BUCKHANNON – West Virginia Wesleyan College’s campus will feature a new way to get around in the fall.

Scott McKinney, chief financial officer with West Virginia Wesleyan College, stopped by the City of Buckhannon’s Consolidated Public Works Board meeting Thursday, to talk about their upcoming bike-sharing program.

“The senior class typically gets together with Bob Skinner (vice president for advancement at Wesleyan), and some other folks to try and leave a meaningful gift behind,” McKinney said. “One of the ideas that bubbled up from the students was a bike share program and it ended up rising to the top.”

He said the students did all the research, looked at many different programs, and they discovered the Republic Bike Share Program.

“The program is used is many communities across the United States,” McKinney said. “The bikes are nearly indestructible; they are very low maintenance and they will cost about $1,000 apiece.”

He said students have been fundraising with a goal of $10,000 to get 10 bikes and two stations to store them on campus. There’s also an app students and other people on Wesleyan’s campus can download to gain and check access to the bikes. The stations/racks will have a scanner, and a registered user can use their phone to scan a code from the app, giving them access to the bike.

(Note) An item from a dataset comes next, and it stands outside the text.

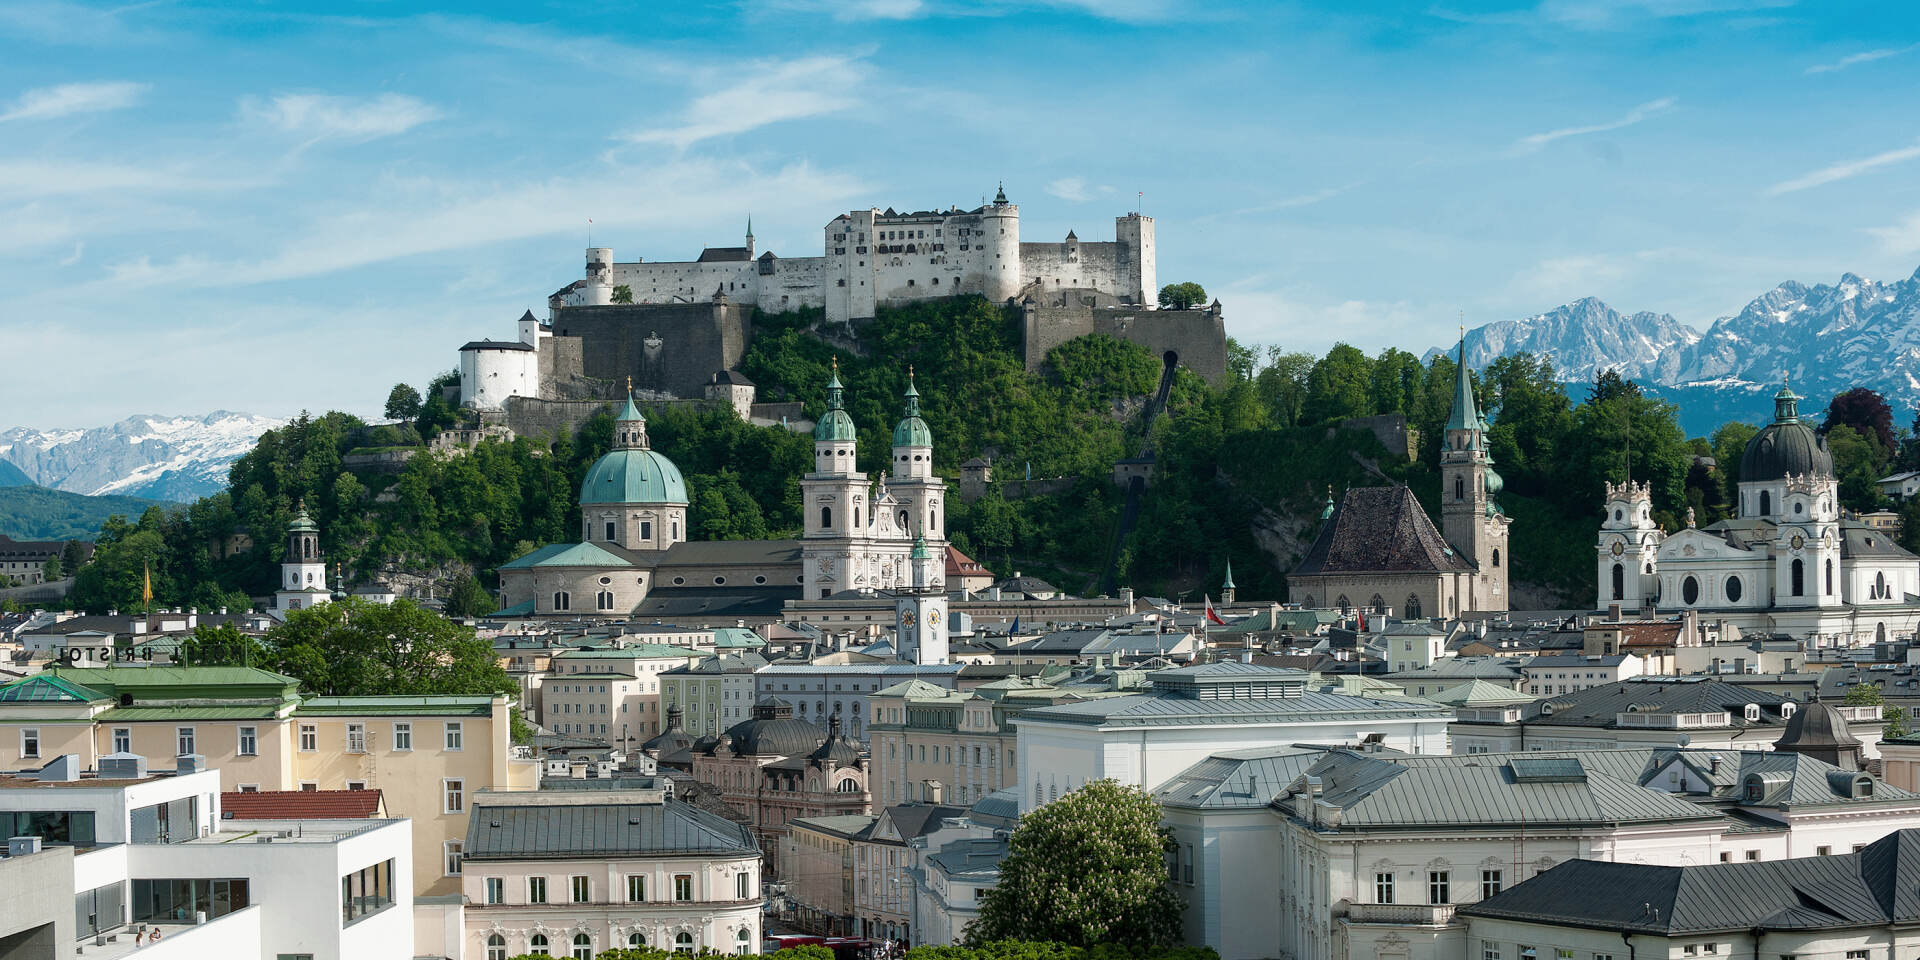 Salzburg - Stadtansicht mit Festung Hohensalzburg © Tourismus Salzburg GmbH

“This checks the bike out to the individual person, so they are responsible, and they have agreed in advance for this privilege that ‘I’m responsible for the cost for that bike if I tear it up or don’t bring it back’ and those sorts of things,’” McKinney explained.

He said those registered to use the bikes can take them anywhere in town – for example, to Walmart or Kroger, and the bikes have a built-in bike lock so they can be locked up like any other bike without buying a separate lock.

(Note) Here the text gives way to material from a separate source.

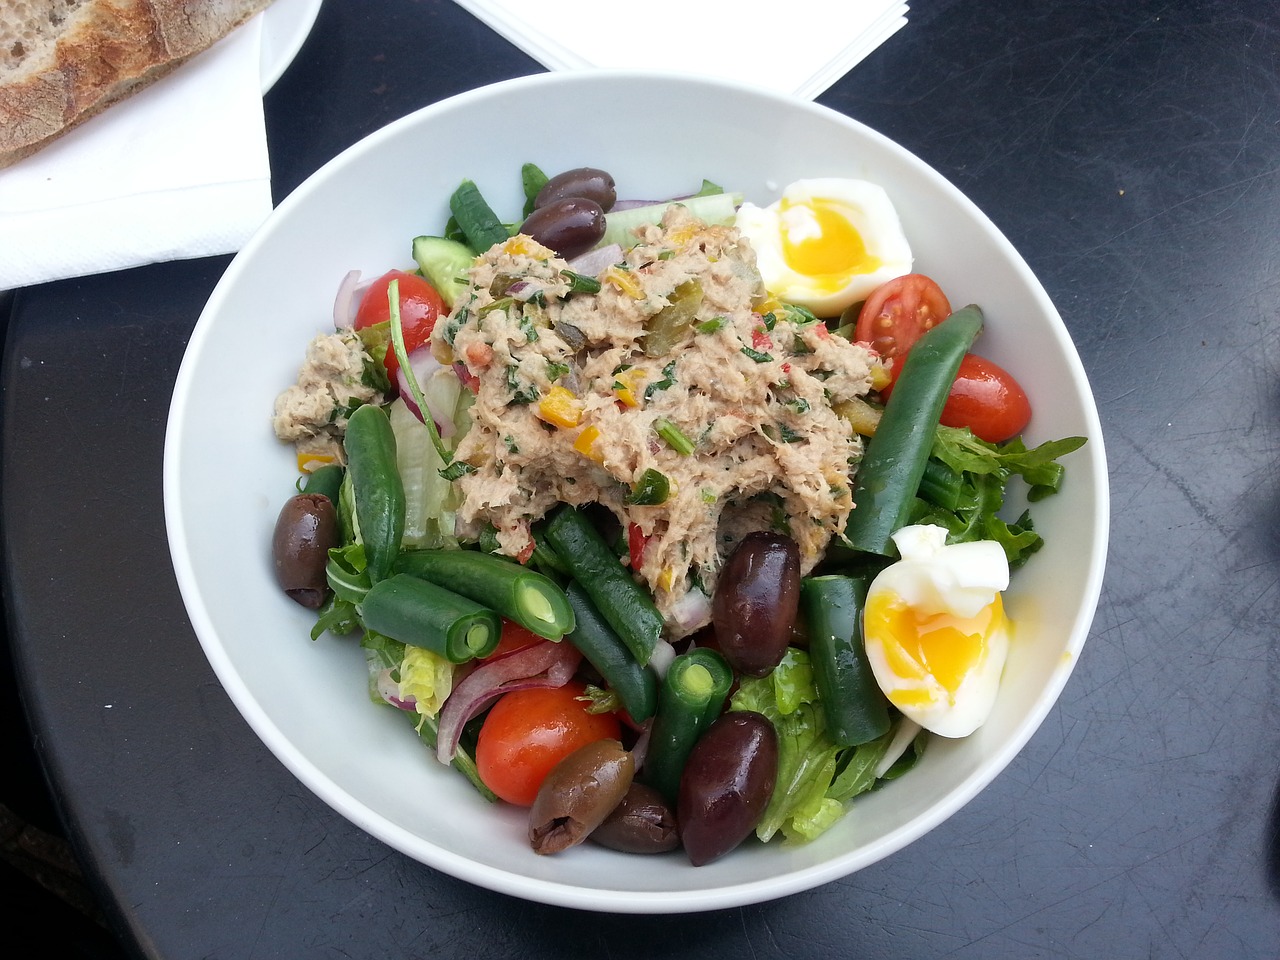 Simple Tuna Salad

“They also have these detachable baskets, which is great for students who may not have access to a car and need to buy groceries or just need to carry something with them,” McKinney said.

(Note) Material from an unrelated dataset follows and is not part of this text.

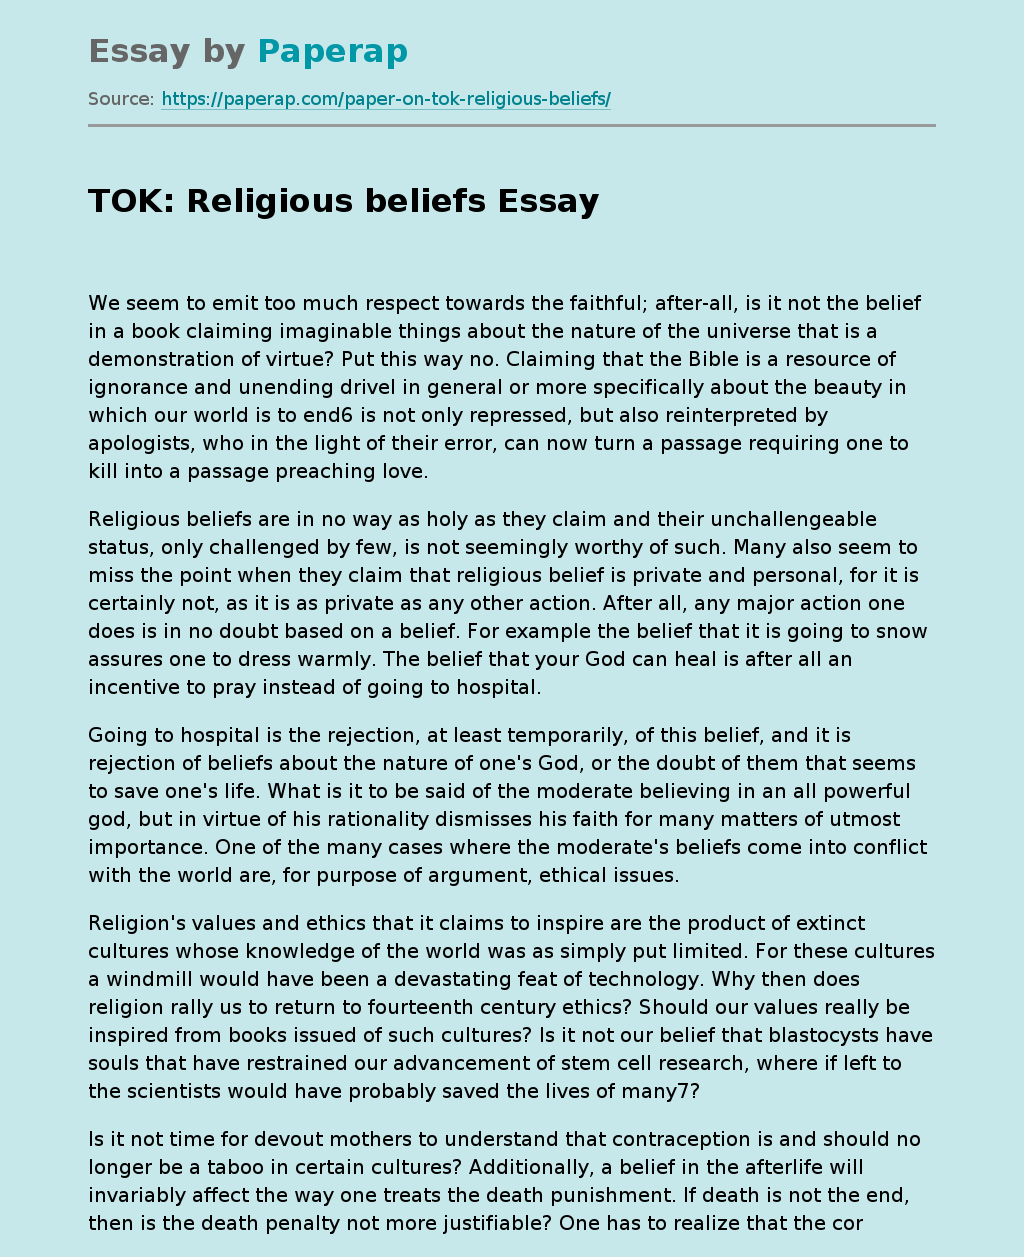 TOK: Religious beliefs

He said the bikes will not have a set time limit, and they can only be returned to the two stations on campus.

“Even more good news is that Pepsi Cola has a sustainability and impact fund [through which] they offer relatively small grants anywhere from $500 up to $25,000, and I asked them for $10,000 in January, and I just heard about a month ago that we got it for this project,” McKinney said.

Nevertheless, college officials are still encouraging students to fundraise so they can potentially secure even more bikes in the future.

Buckhannon mayor David McCauley said he was interested in the program and would keep an eye on it to see if the city may try something similar in the future.